Monday, July 29, 2019

Unconditional Conditional Love

    Well everyone, this post is about my great theological secret that I think could benefit many people. I have already written one blog post about it before. The idea is based on an adaptation of the kind of love I learned about at church a long time ago.  Sometimes people talk about “unconditional love,” which supposedly is love that continues even when people are not in a condition that seems as lovable as usual, or as lovable as possible.  It seems so nice, except for the fact that a lot of times, it becomes more of some kind of “unconditional condescension” instead, because in your heart, you think the person is not actually lovable.  People think that they are just flinging their amazing and priceless love into a void as some heroic act, when really, for them to take that view means they have to ignore great worth that God himself has created.  I became unsatisfied with that hypocrisy early in my life, and have tried a different way of relating to people, which might seem contradictory or even redundant. But I think that really, it is closer to what unconditional love was supposed to be.

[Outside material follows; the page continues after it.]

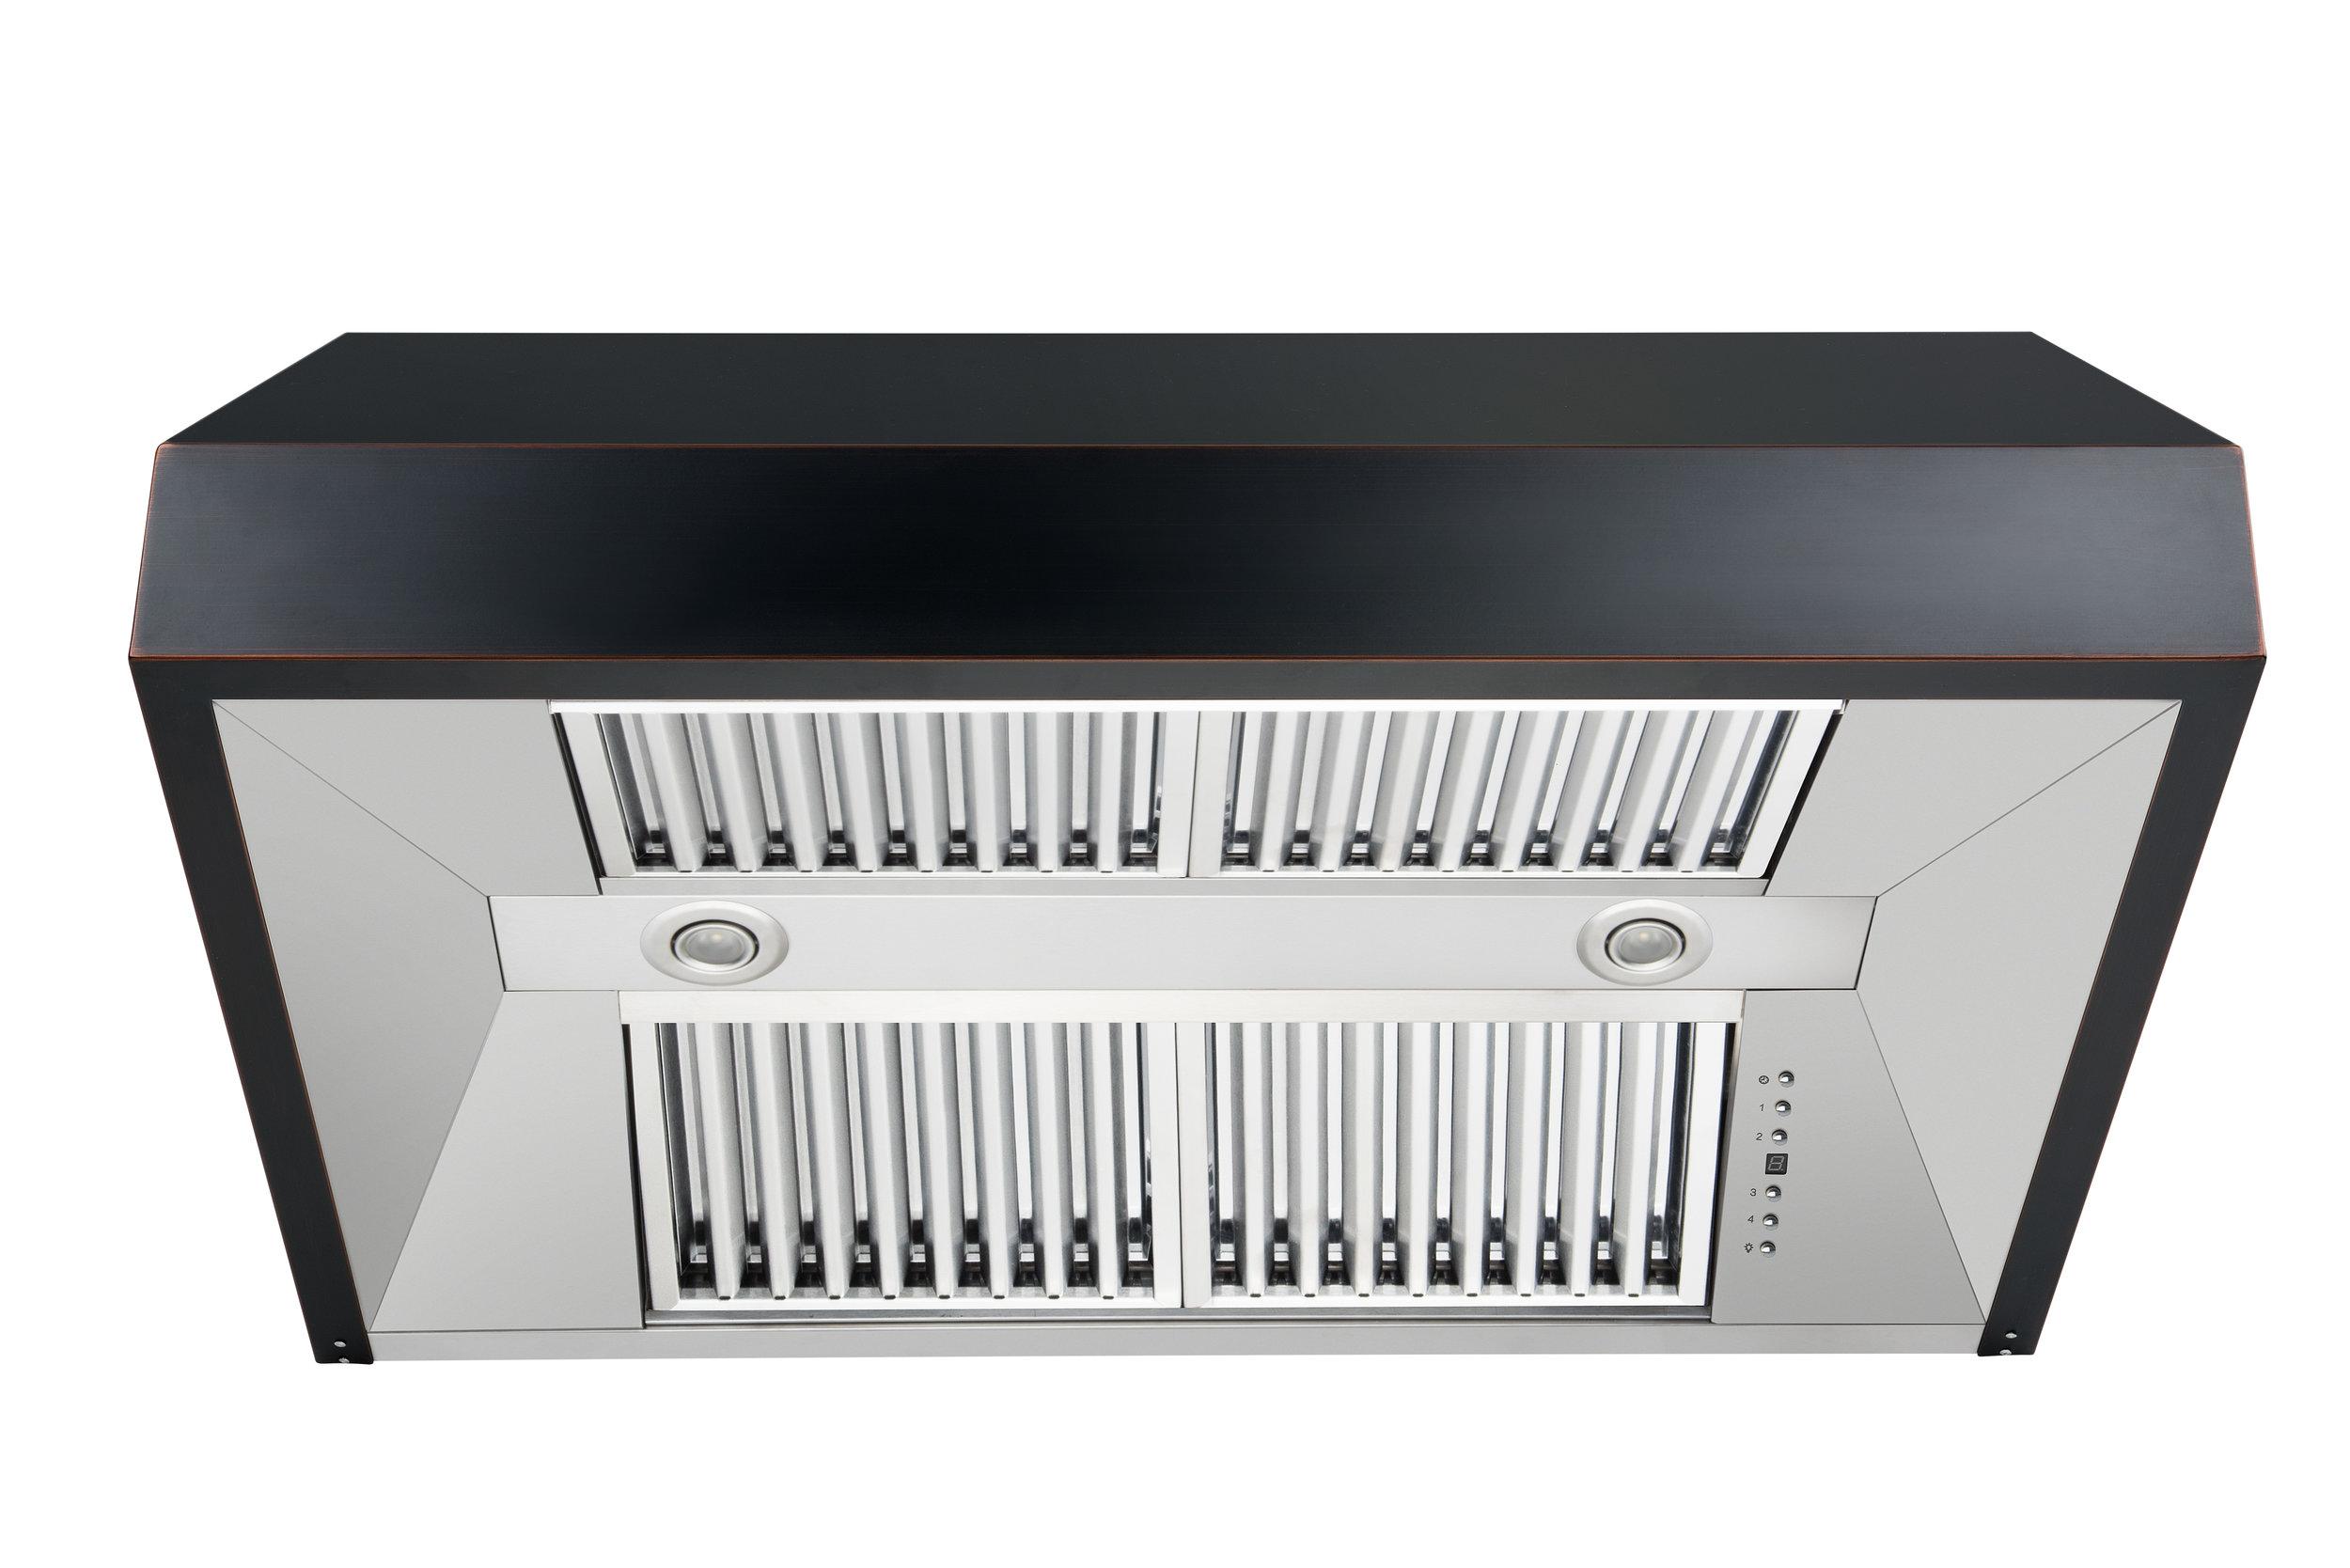 zline-black-under-cabinet-range-hood-8685B-vents.jpg

I think it would be best described as “unconditional conditional love.”  The idea of it is that your choice to extend goodwill and appreciation to people is unconditional, but the love itself is based on actual lovable factors about people that you deliberately search for and easily find if you are a good person yourself.

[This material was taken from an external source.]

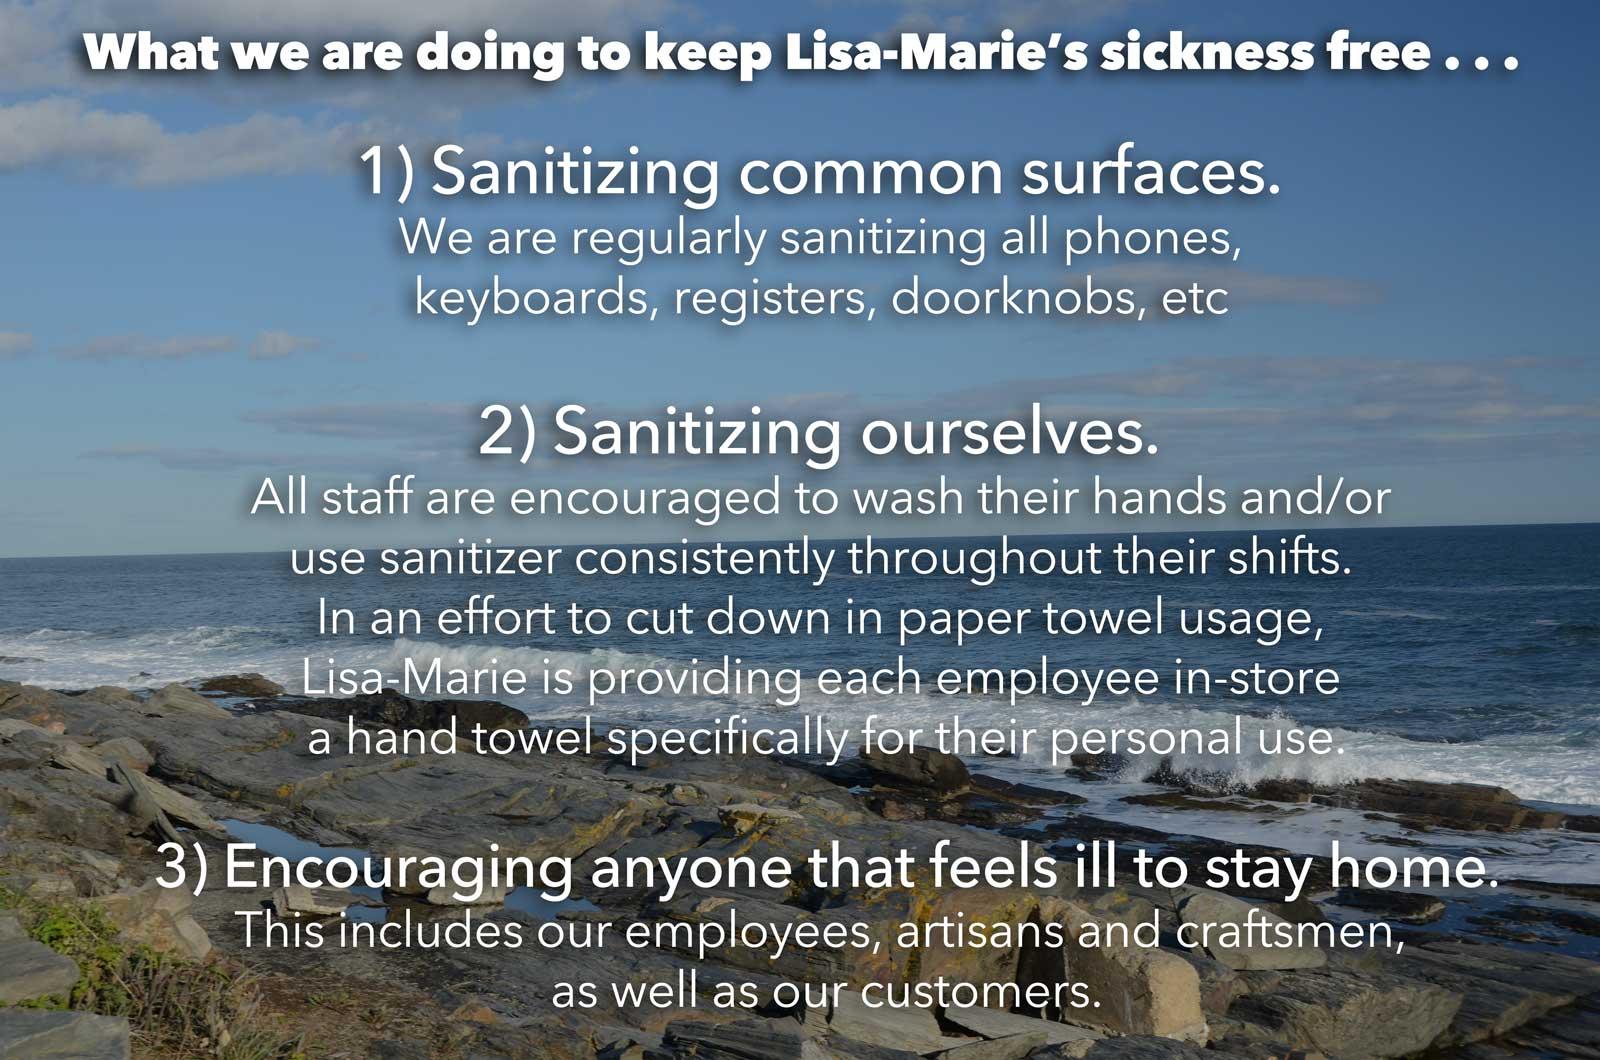 Keepin' it clean at Lisa-Marie's
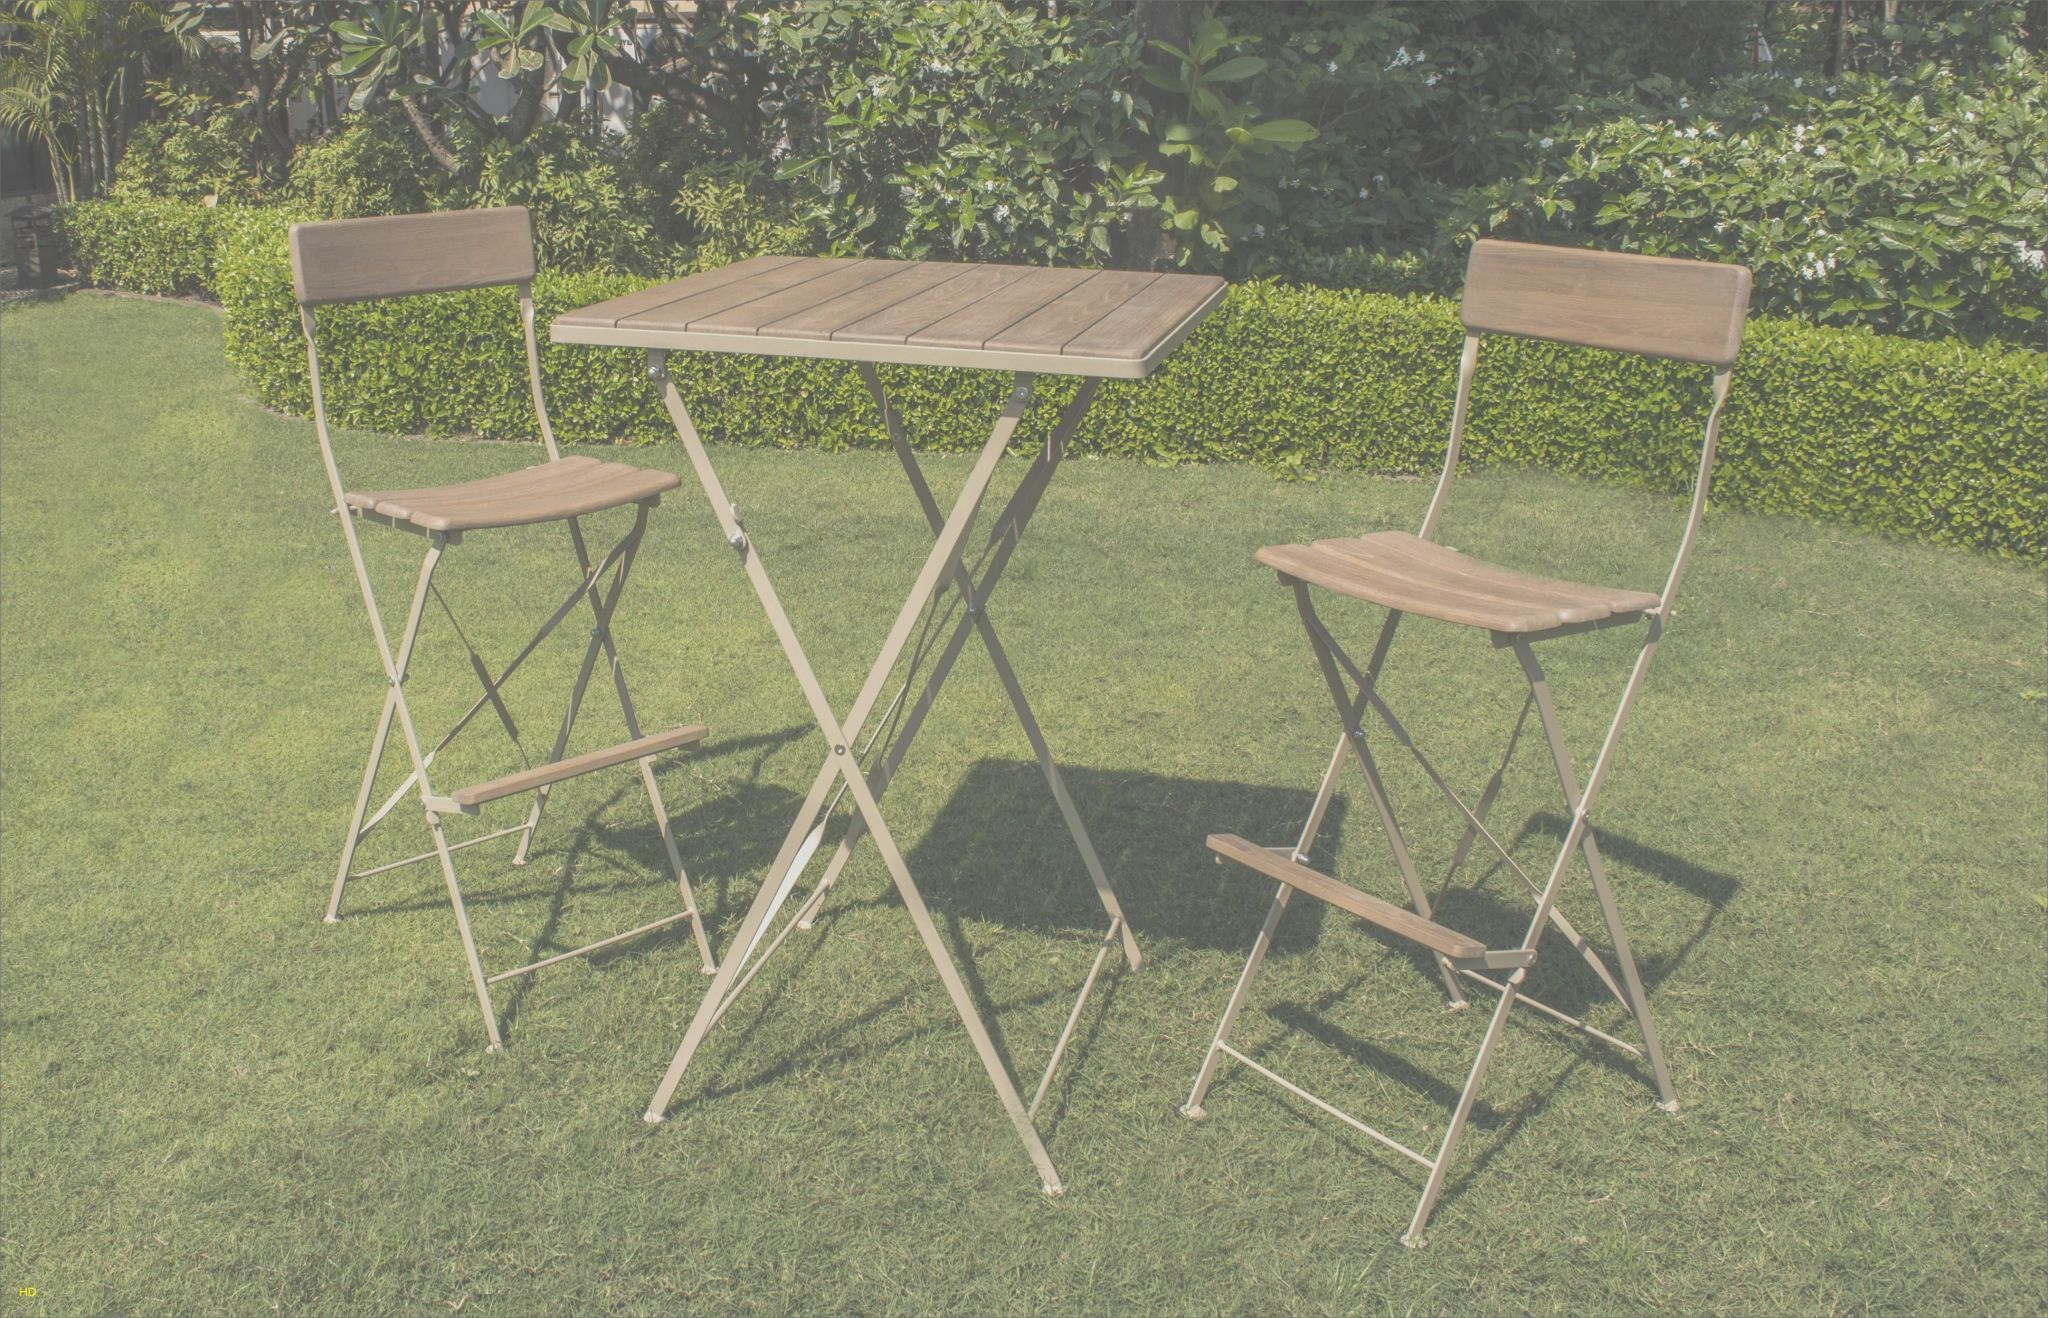 Pin On Conception De Jardin concernant Table De Jardin Plastique Leclerc

    People might interrupt here and excitedly say, “oh, like “tough love” where you get to confront people about their faults.”  No, I still mean a kind positive caring effort in thought and feeling and deed, that gives people the benefit of the doubt even if that doubt is reminiscent of total depravity.
    There are all kinds of things to love and even admire about almost anyone. The intellectual effort of it can kind of turn you into a robot if not enough nice people love you back, but I think in the end, it is much more effective and true than insulting people with a love so fake that you have to remind everyone that it is not based on anything whatsoever except for your own decision to ignore Jesus’s command not to throw your pearls to pigs.

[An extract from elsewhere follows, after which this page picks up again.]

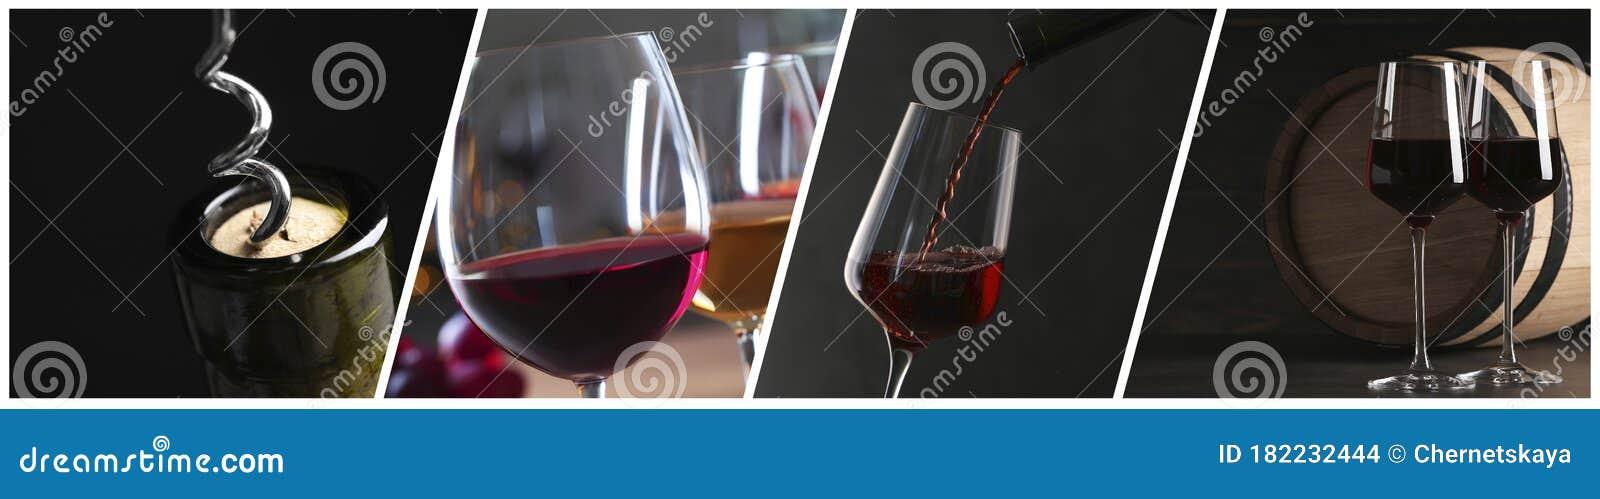 Glasses And Bottles Of Red Wine Banner Design Stock Photo Image Of Barrel Merlot 182232444

   It starts with looking around and questioning church doctrine, and secretly whispering to yourself and to God, “What if these people actually are lovable?” and “What if really I’m not in a zombie movie like the people who disapprove of zombie movies tried to tell me?”
    I myself do not like zombie movies, so that is not exactly my point. My point is that if you think being friends with someone is such a miracle that brought life out of an abyss of pure evil, then you should also be doing other miracles that are more obvious, like making trees walk. And if you’re not, then maybe the miracle is that people would be friends with you.